Forecasters can update NDFD at any hour of the day. Update habits vary by region and individual WFO. Typically, GFS MOS guidance becomes available to forecasters 4–5 h after model cycle time. WFOs routinely update NDFD forecasts 1–4 h prior to the 0000 and 1200 UTC issuances being verified. This provides a minimum of 3 h for NWS forecasters to consider forecast changes to NDFD based on the model guidance to which NDFD is compared. Further updates to NDFD forecasts based on more recent model guidance or later observations can be included until shortly before the 0000 and 1200 UTC NDFD issuances. This is 7–8 h after the corresponding MOS guidance becomes available.
At some WFOs, updates to forecasts for days 4–7 are only made once per day based on forecast guidance from the NWS Hydrometeorological Prediction Center. As a result, NDFD day 4–7 forecasts issued at 0000 UTC are generally better when compared to MOS than are NDFD day 4–7 forecasts issued at 1200 UTC. This effect is evident as a slight wobble in NDFD MAEs beyond 96 h for daytime maximum and nighttime minimum temperatures (Fig. 6). A reverse phase wobble in MOS MAEs indicates that the improvement in MOS guidance from the 0000 UTC model cycle to the subsequent 1200 UTC model cycle is less than the improvement from the 1200 UTC model cycle to the subsequent 0000 UTC model cycle. This may be due to a 1-yr difference in the MOS development sample for these two model cycles.

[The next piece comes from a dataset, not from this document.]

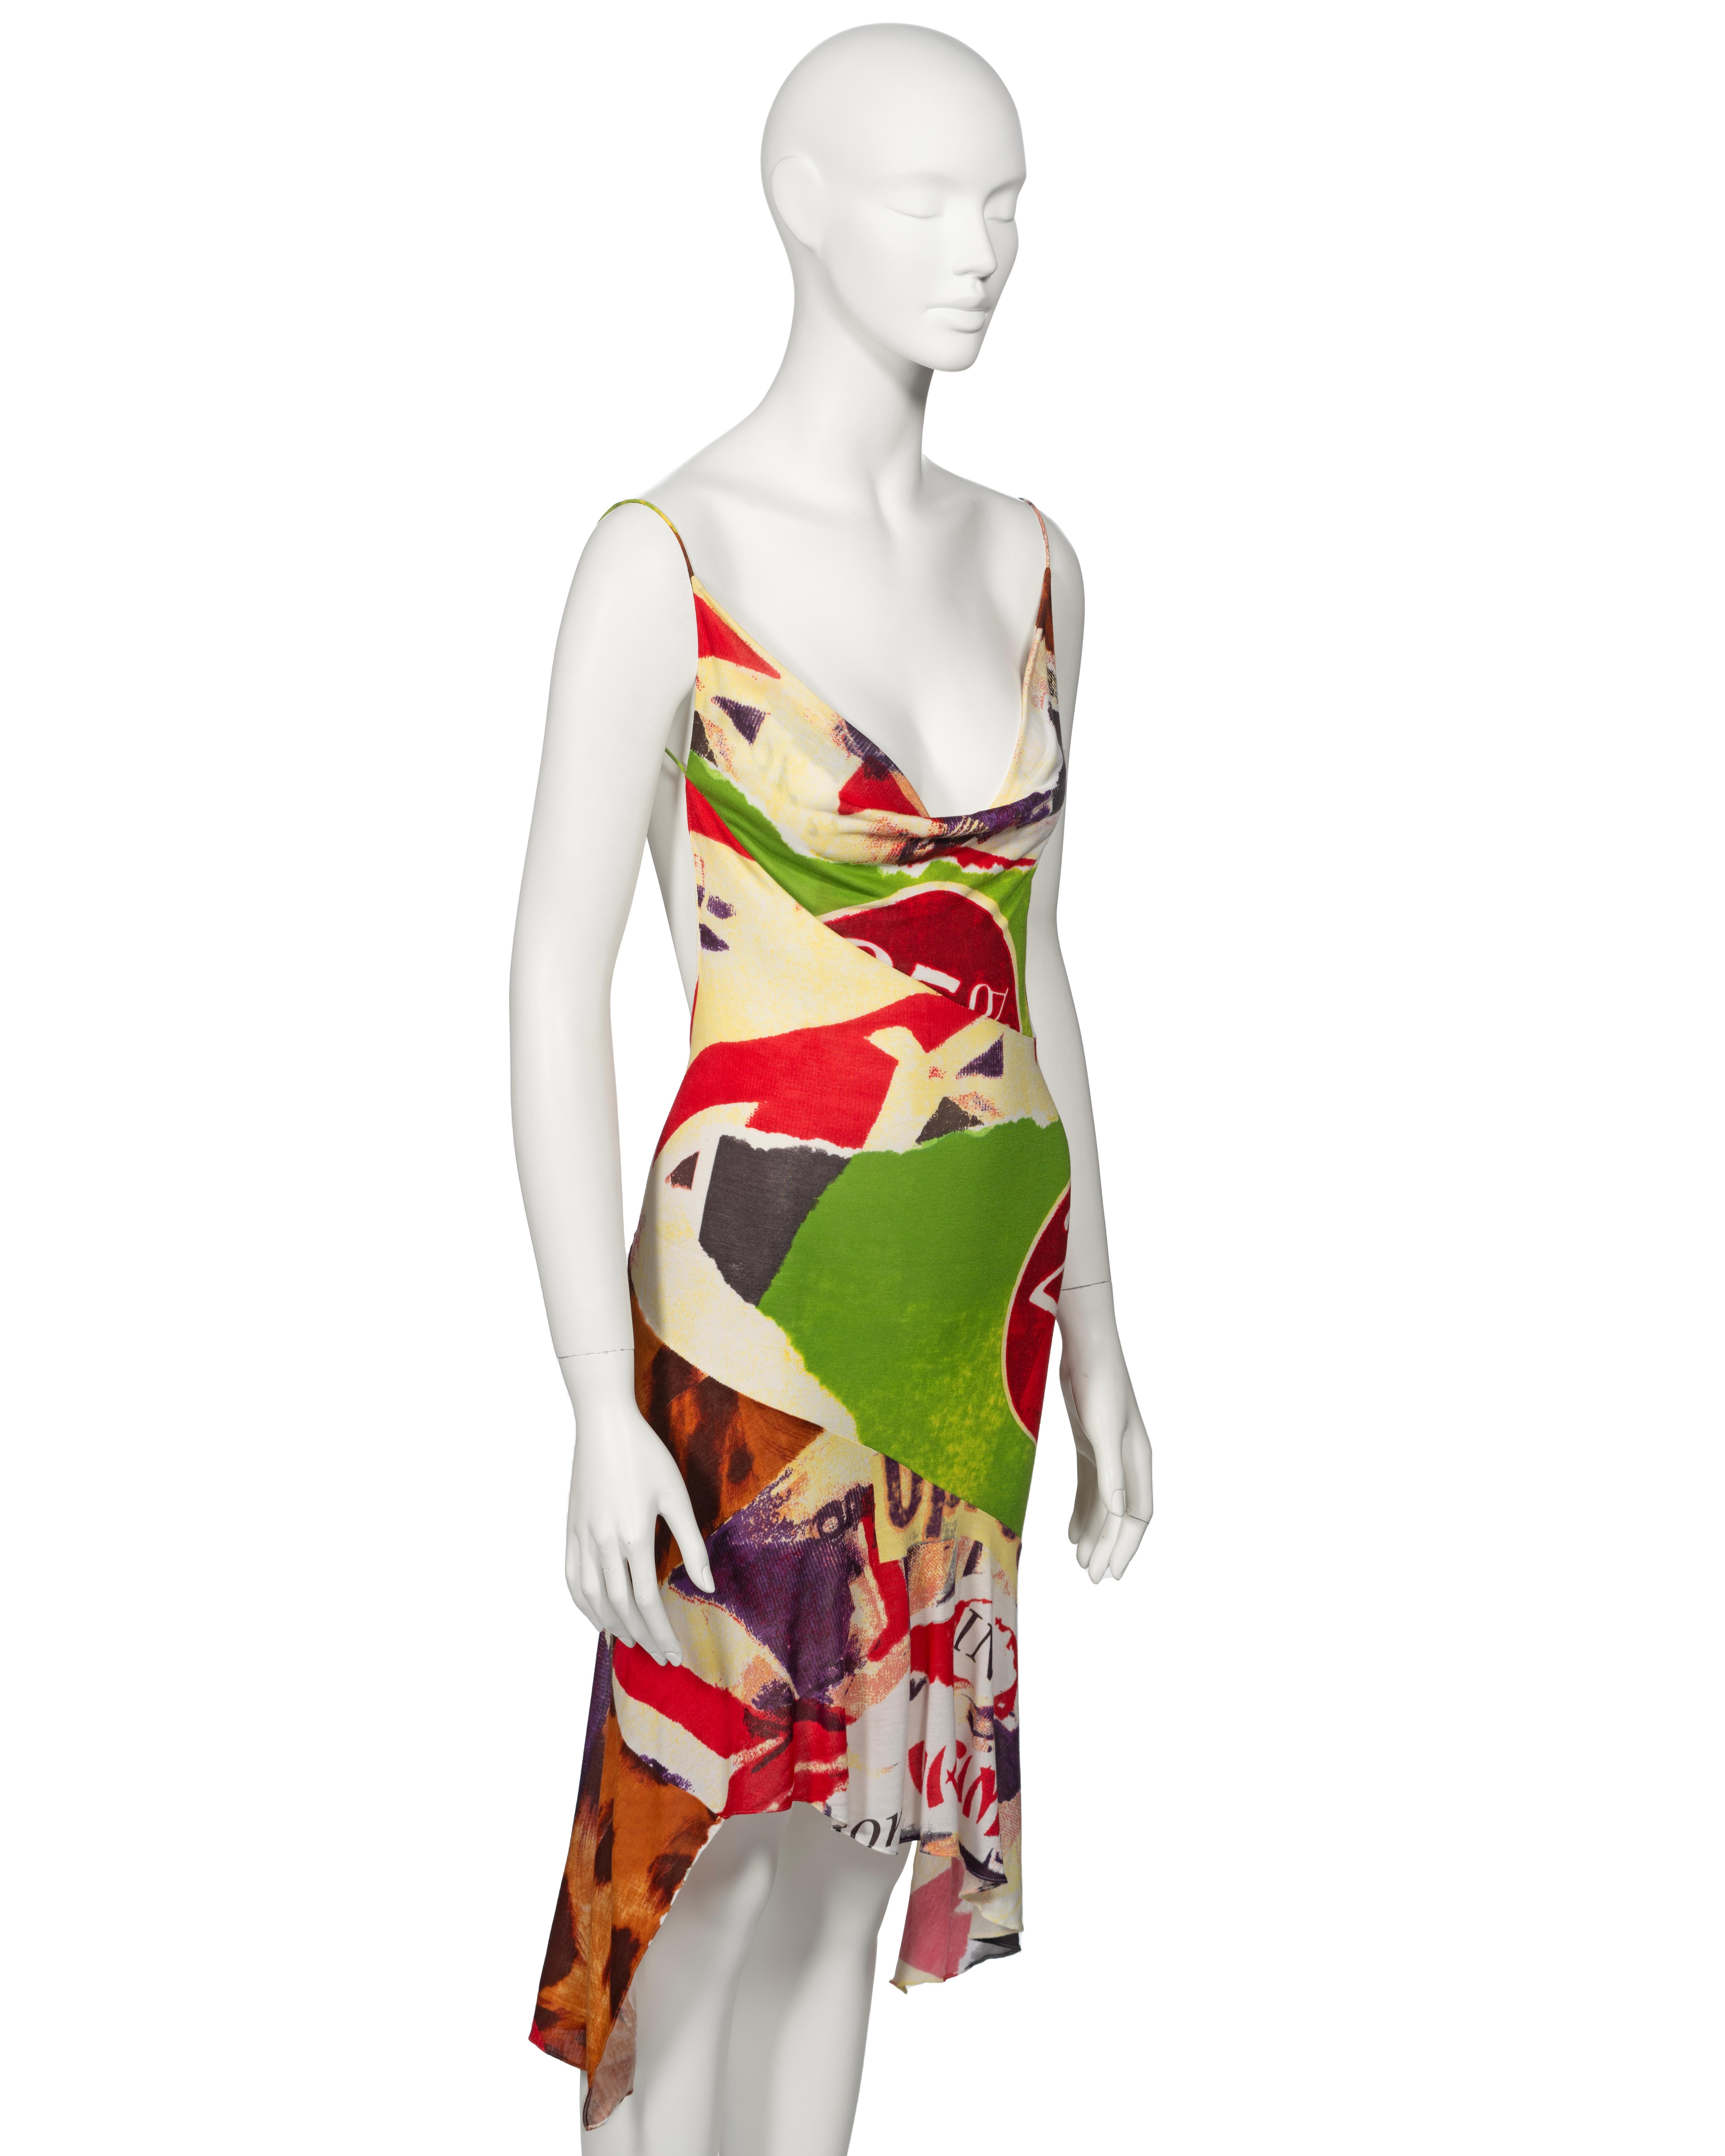 Women's Christian Dior by John Galliano Montage Print Silk Jersey Dress, ss 2003

Dallavalle and Dagostaro (2004) showed that the accuracy of MOS is approaching that of the local forecast for the early forecast periods. The charts presented here indicate that MOS can be a good source of guidance all the way out to day 7. The relatively inferior performance of NDFD for hourly temperature and dewpoint is likely the result of local tools used by WFOs to produce hourly values that are consistent with forecaster-edited maximum and minimum temperatures. When one element is adjusted, MOS guidance for the other can no longer be used directly. And while WFO forecasters almost certainly look at MOS maximum and minimum temperature guidance when they first submit a new forecast to NDFD 7 days in advance, the results here show that forecasters could benefit from a closer look at MOS guidance for these elements on days 3 and 4 as well.

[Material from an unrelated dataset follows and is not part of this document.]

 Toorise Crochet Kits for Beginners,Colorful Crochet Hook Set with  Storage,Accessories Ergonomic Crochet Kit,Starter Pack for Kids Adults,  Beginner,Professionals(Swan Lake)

Although one can get an idea for the relative strengths and weaknesses of MOS station guidance at various forecast hours from these charts, it would be incorrect to conclude that NDFD gridpoint forecasts are inferior to MOS. MOS forecasts are specific to the observing location, while NDFD forecasts represent conditions on a 5-km grid. This distinction may provide a significant advantage to MOS in regions of complex terrain in the western CONUS when the verification is based on station values.
To see the distribution of improvements on MOS, scores from October 2006 to September 2007 were grouped by forecast days 1–3 (all projections) and forecast days 4–7 (all projections) according to three CONUS regions by WFO (see Fig. 8). Figures 9 and 10 show the percentage of WFOs and the number of months during the year that NDFD improved on MOS in each of these three regions. With the exception of PoP12, improvement on MOS is most common in the eastern and central CONUS on days 1–3, and in the central CONUS on days 4–7. For PoP12, the day 1–3 improvement is evenly distributed among WFOs nationwide while day 4–7 improvements are more common in the eastern CONUS. Improvement on MOS in the western CONUS is consistently less than that in the central and eastern CONUS except for day 1–3 PoP12.

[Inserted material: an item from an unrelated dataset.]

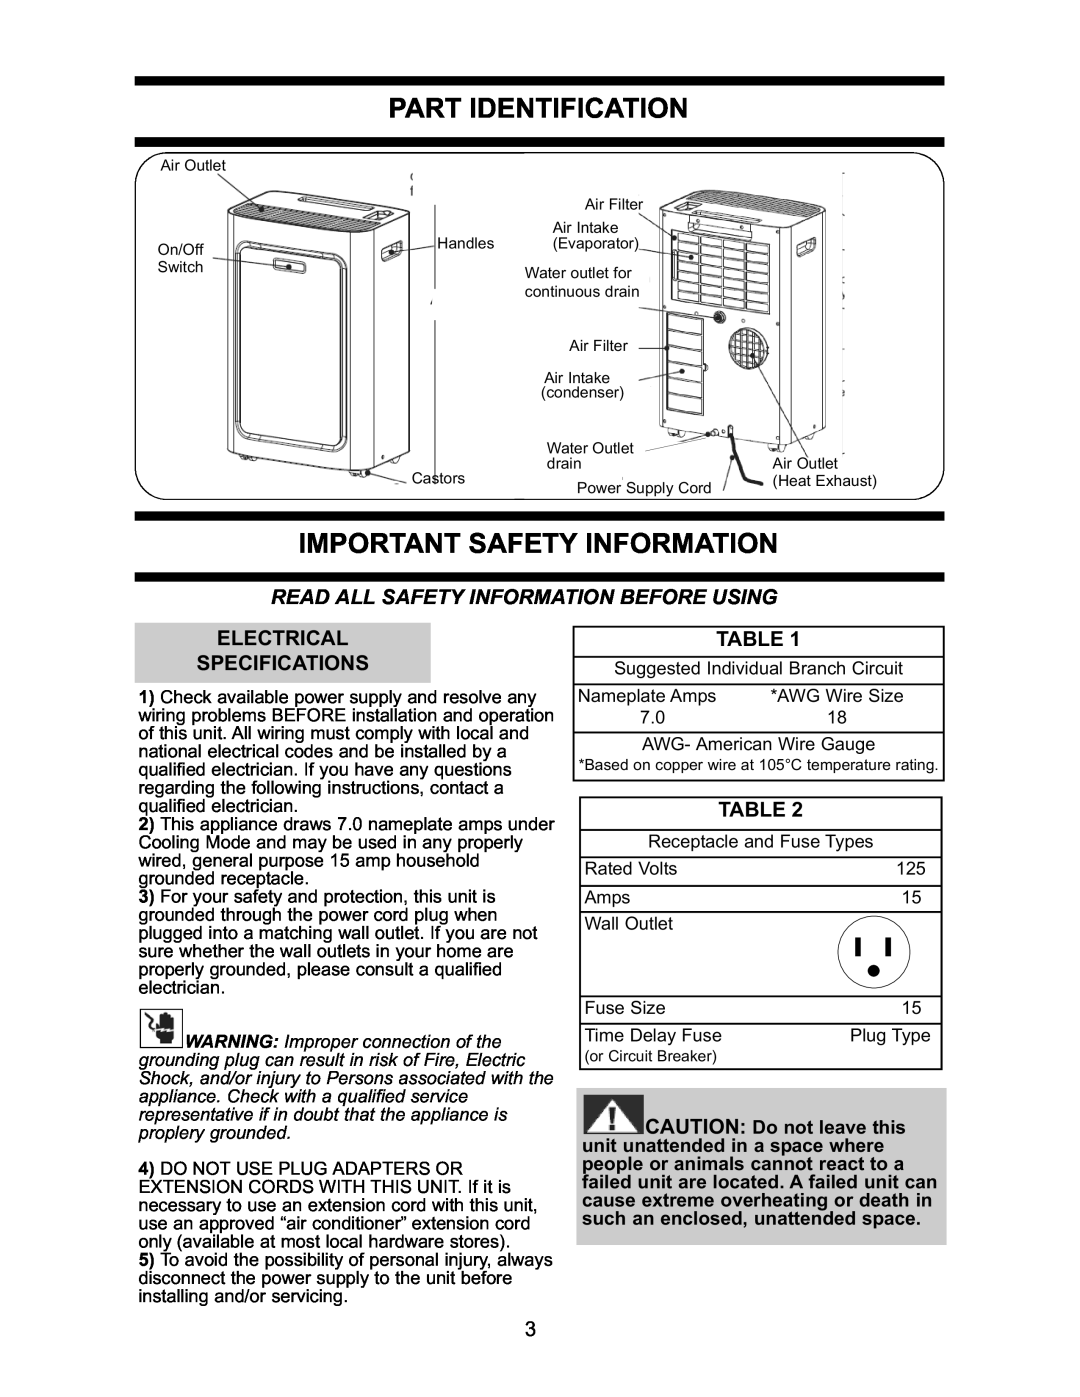 Danby DPAC7099 Part Identification, Important Safety Information, Read All Safety Information Before Using

An analysis of the magnitude of improvements for the same year (not shown) shows the most improvement (up to 26%) on day 1–3 daytime MOS maximum temperatures at WFOs located in the central plains. For nighttime minimum temperature, the largest improvements (up to 8%) for days 1–3 appear at WFOs in the southern Appalachians. For daytime maximum and nighttime minimum temperatures, the least improvement (down to −31%) on the day 1–3 MOS appears at WFOs in the mountainous West. The largest improvements on MOS PoP12 Brier scores (up to 17%) are on days 4–7 in the southern Appalachian Mountains. NDFD improvement on MOS PoP12 tends to be worse on days 1–3 due to relatively poor NDFD Brier scores during the three winter months in the northeast CONUS.
In light of recognized problems with point verification, MDL also provides NWS forecasters with NDFD verification based on real-time mesoscale analysis (RTMA) grids (De Pondeca et al. 2007). These gridded scores are meant to complement NDFD scores at observation points. However, the quality of these data does not yet appear to be sufficient to support comparative verification studies. In the future, the NWS plans to create an official analysis of record with additional quality control (Horel and Colman 2005). With gridded verification, doubts are directed at the representativeness of the analysis rather than the representativeness of values at observation points. For both methods, questions concerning representativeness will certainly persist.
4. Gridded MOS for NDFD
With the advent of NDFD, WFOs needed guidance that contained the high-resolution terrain features that forecasters want depicted in grids for their local area. In the fall of 2006, MDL began producing gridded MOS (GMOS) guidance for NDFD elements and forecast projections on the NDFD grid. For most elements, gridded MOS is created by analyzing all available MOS station forecasts (Glahn et al. 2009). For daytime maximum and nighttime minimum temperatures, MOS forecasts for about 8000 observation sites are available including METAR (aviation routine weather report, translated roughly from French), mesonet, and cooperative observation locations. For hourly temperatures and dewpoints, about 3000 stations are used including METAR and mesonet observations. For other NDFD elements, about 1640 METAR sites are used. It has been shown that MOS provided reasonable guidance at MOS points, but how good was the new guidance relative to the local NDFD forecast in areas away from MOS stations?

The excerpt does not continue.